MAGISTRADOS ILMOS. Sres:
D. CARLOS BERMÚDEZ RODRÍGUEZ
D. RAFAEL MARÍA MEDINA Y ALAPONT
D. JUAN MOLINS GARCÍA ATANCE
En Zaragoza, a veintisiete de noviembre de dos mil quince.
La Sala de lo Social del Tribunal Superior de Justicia de Aragón, compuesta por los Sres. indicados al margen y presidida por el primero de ellos, pronuncia en nombre del REY esta
S E N T E N C I A
En el recurso de suplicación núm. 730 de 2015 (Autos núm. 658/2014), interpuesto por la parte demandante ISS FACILITY SERVICES SA, contra la sentencia dictada por el Juzgado de lo Social número 1 de Zaragoza, de fecha 2 de julio de 2015 ; siendo demandados INSS y Dª Matilde , sobre recargo de prestaciones accidente de trabajo.
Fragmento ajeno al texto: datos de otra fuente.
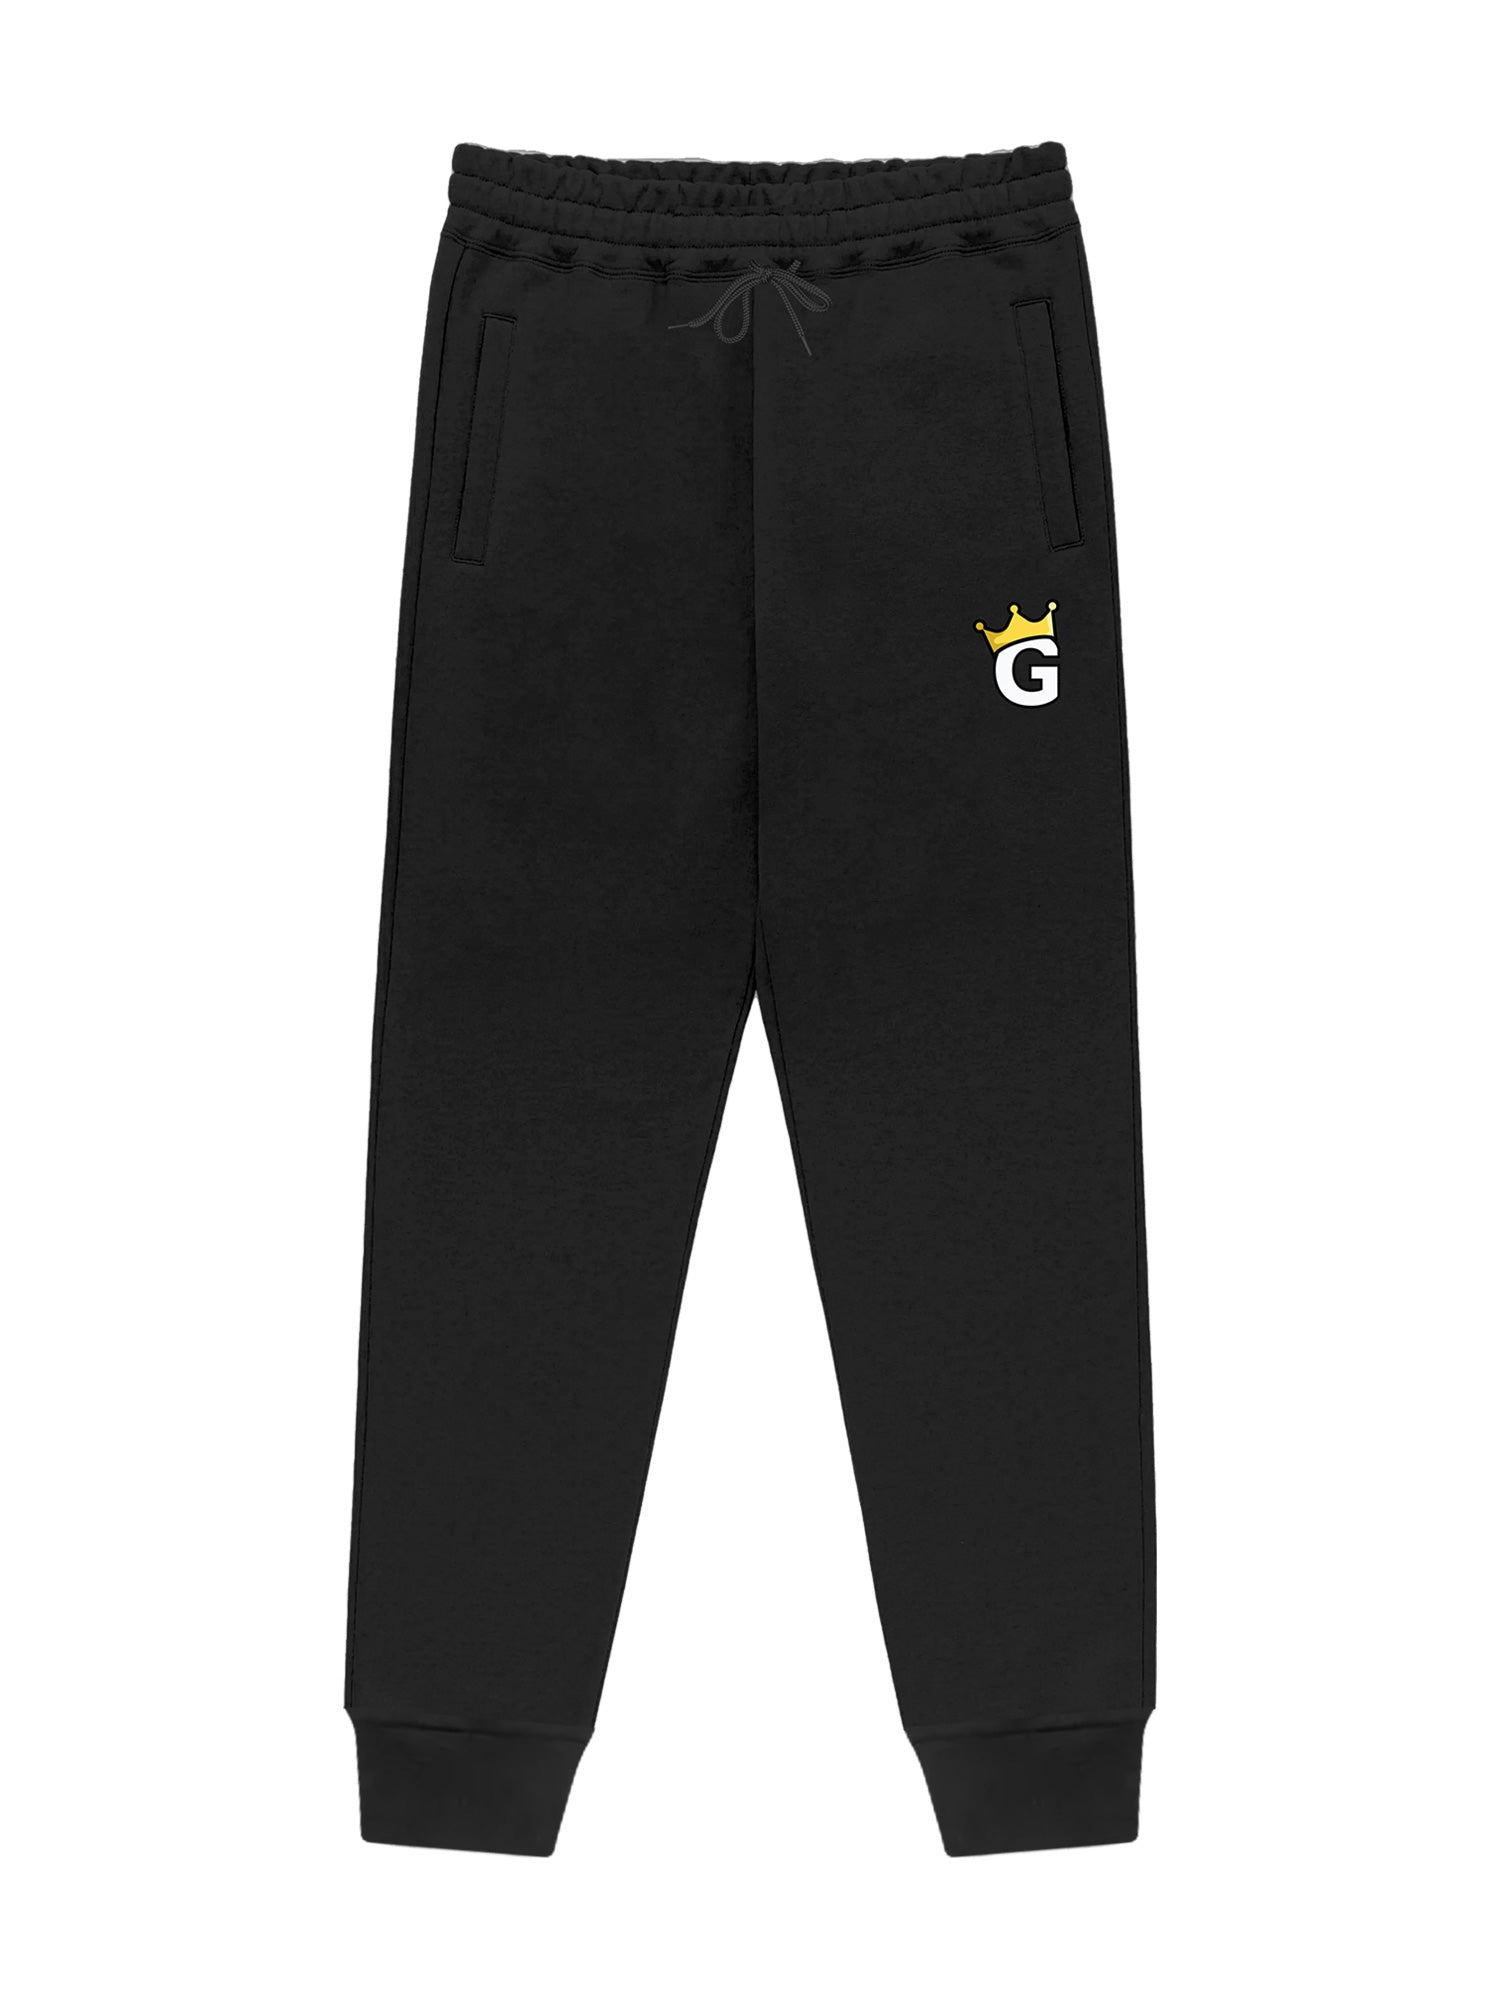 Crown Black Sweatpants

Ha sido ponente el Ilmo. Sr. D. RAFAEL MARÍA MEDINA Y ALAPONT.
Antecedentes
PRIMERO .- Según consta en autos, se presentó demanda por ISS Facility Services SA, contra INSS, Dª Matilde y TGSS (desistida), sobre recargo de prestaciones accidente de trabajo, y en su día se celebró el acto de la vista, habiéndose dictado sentencia por el Juzgado de lo Social nº 1 de Zaragoza, de fecha 2 de julio de 2015 siendo el fallo del tenor literal siguiente:
'Que debo tener y tengo por DESISTIDA a la parte actora de su pretensión contenida en la demanda formulada frente a la TESORERÍA GENERAL DE LA SEGURIDAD SOCIAL; y
Que DESESTIMANDO la demanda interpuesta por la entidad la entidad 'ISS FACILITY SERVICES S.A.', frente al INSTITUTO NACIONAL DE LA SEGURIDAD SOCIAL, y frente a Dña. Matilde , debo absolver y absuelvo a las citadas demandadas de las pretensiones deducidas frente a ella en el escrito de demanda'.
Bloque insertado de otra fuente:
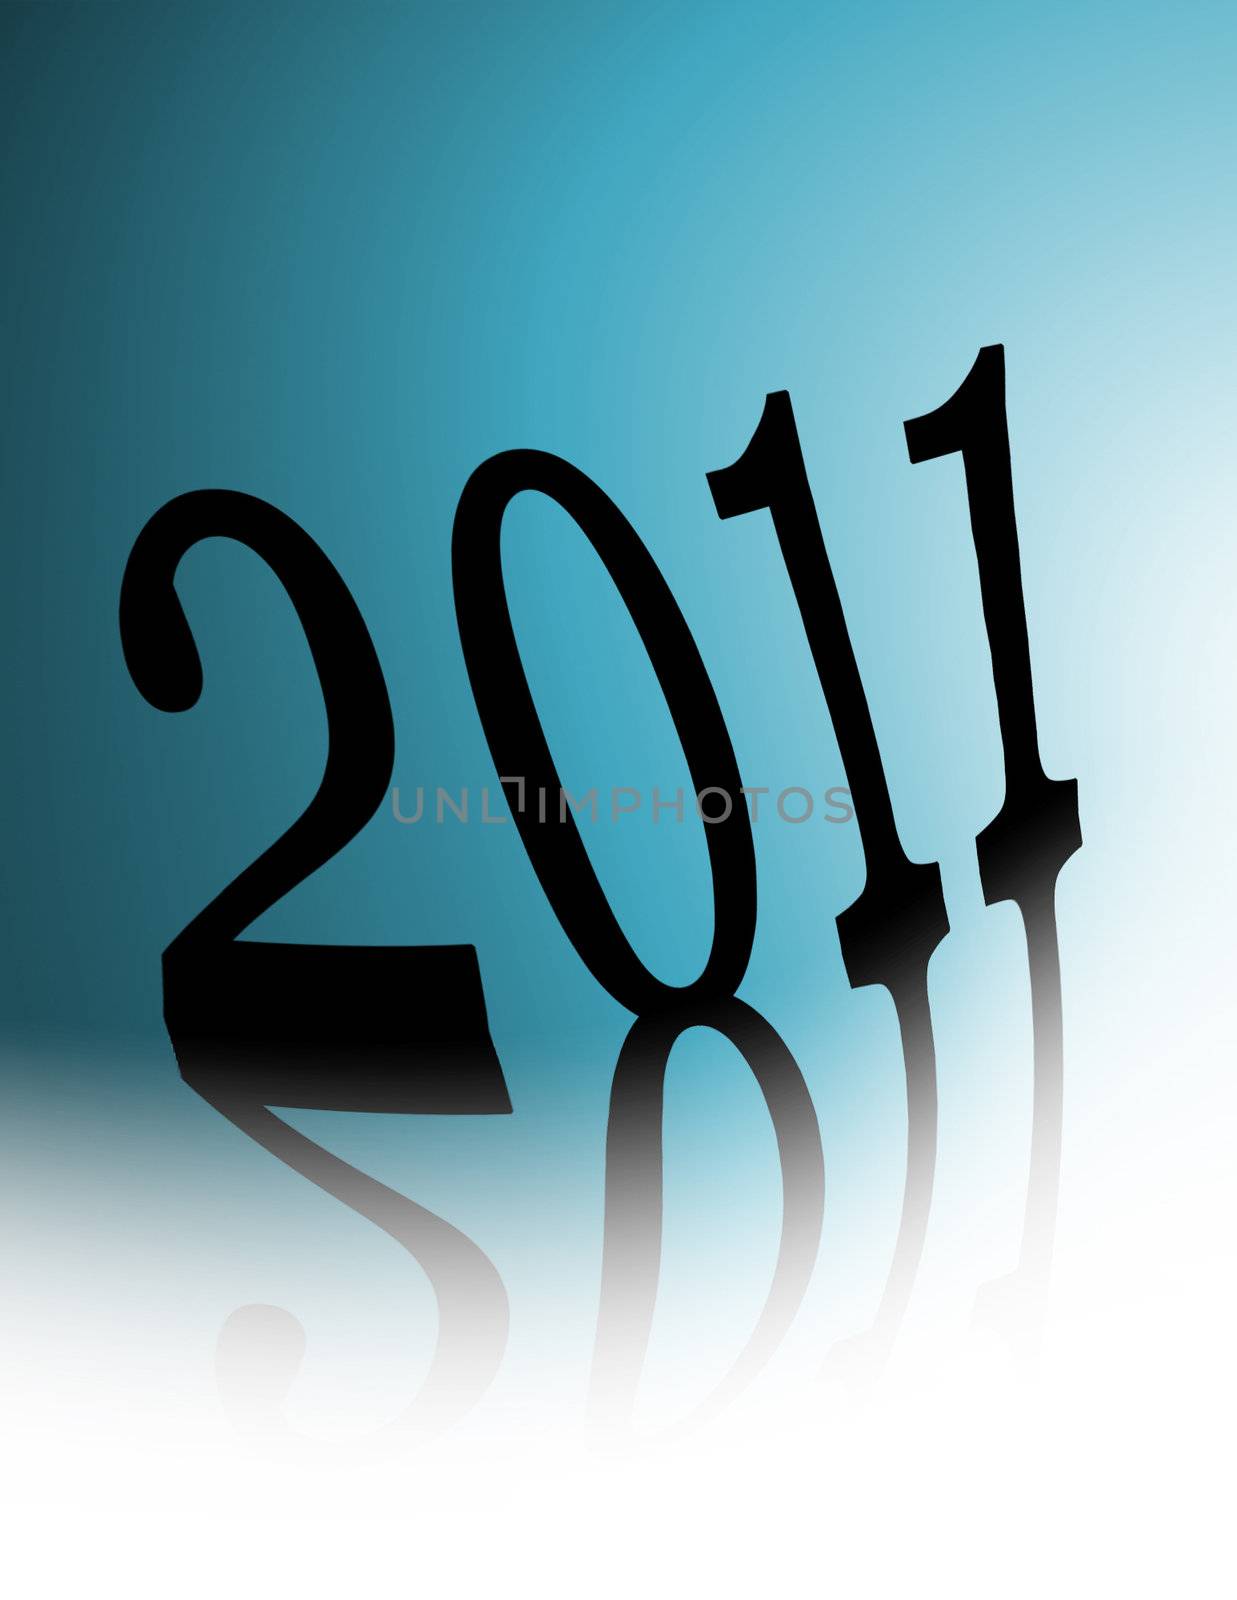 New Year background, illustration

SEGUNDO .- En la citada sentencia y como hechos probados se declararon los del tenor literal:
'1º.- Dña. Matilde , con NIE nº NUM000 , y afiliada a la Seguridad Social con el nº NUM001 , Régimen General, inició la prestación de servicios como limpiadora para la empresa actora 'ISS Facility Services S.A.', dedicada a la actividad económica de limpieza de edificios y locales, el 13.05.2008. Todo ello, en virtud de contrato de trabajo temporal, por obra o servicio determinado, a tiempo parcial (25 horas semanales) inicialmente, y desde el 1.06.2010 a tiempo completo.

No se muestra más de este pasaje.